Commodities Growling Like a Bear

Posted by Larry Doyle on June 1st, 2010 2:48 PM |

Does anybody have any doubt that the equity markets are heavily manipulated by the banks and Uncle Sam? I didn’t think so.

The same clearly holds true for our credit markets, primarily the Treasury market. That said, the commodities market, in my opinion, is much more closely aligned with the real economy. What have commodities done over the last few years? The DJ-UBS Commodity Index was up a mere 16% in 2009 and is down 10% so far in 2010. Over the last two years, the index is down approximately 50%, significantly more than most major equity averages.

What are commodities telling us currently? Let’s navigate. (more…)

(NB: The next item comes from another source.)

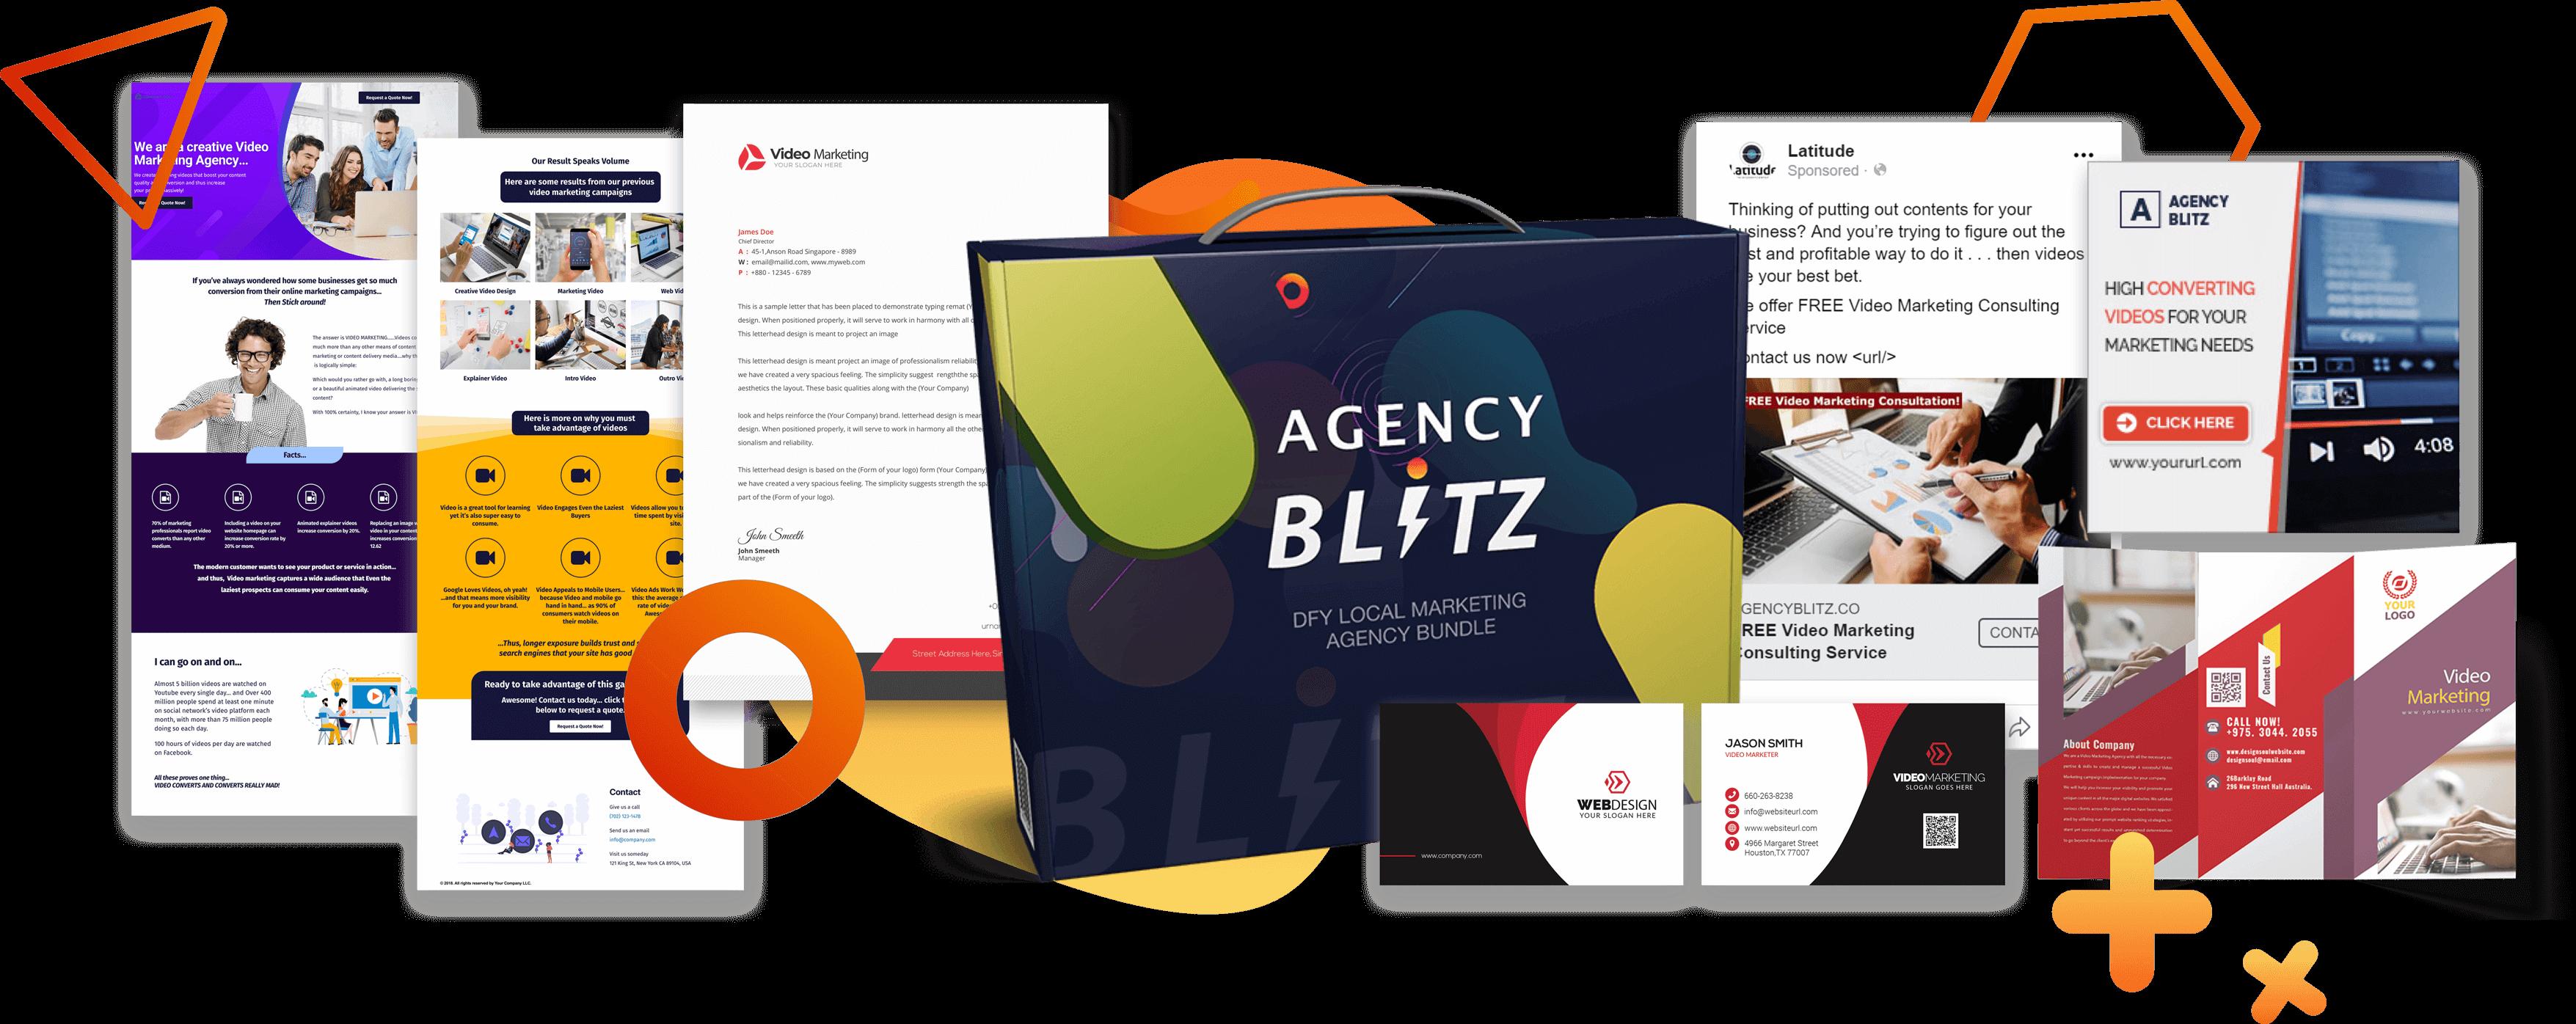 Agency-Blitz-Reviews

Let’s Get Some Chinese: A Review of Economic Activity in China

Posted by Larry Doyle on May 13th, 2009 11:59 AM |

China’s stock market closed today at the highest level since August ’08. Is that an indication that China is ready to resume its economic expansion and can literally pull the global economy right along with it? Well, let’s check out a number of items on the menu: 

1. The Baltic Dry Index has rebounded over the last few weeks. The BDI is extremely volatile. It plummeted approximately 95% from its high in early 2008, rebounded strongly earlier this year only to suffer a setback in March as our equity market started to regain its legs. The recent rebound in the BDI is again credited to increased shipping activity of commodities into China. Prices of commodities (copper, oil, iron ore) have been very highly correlated with the BDI as a result.

So far, so good . . . let’s try some more items on the menu.

2. How about Chinese lending activity? Is the well directed Chinese stimulus precipitating an increase in activity by non-governmental borrowers? The FT reports, China Cuts Lending Amid Asset Bubble Fears.   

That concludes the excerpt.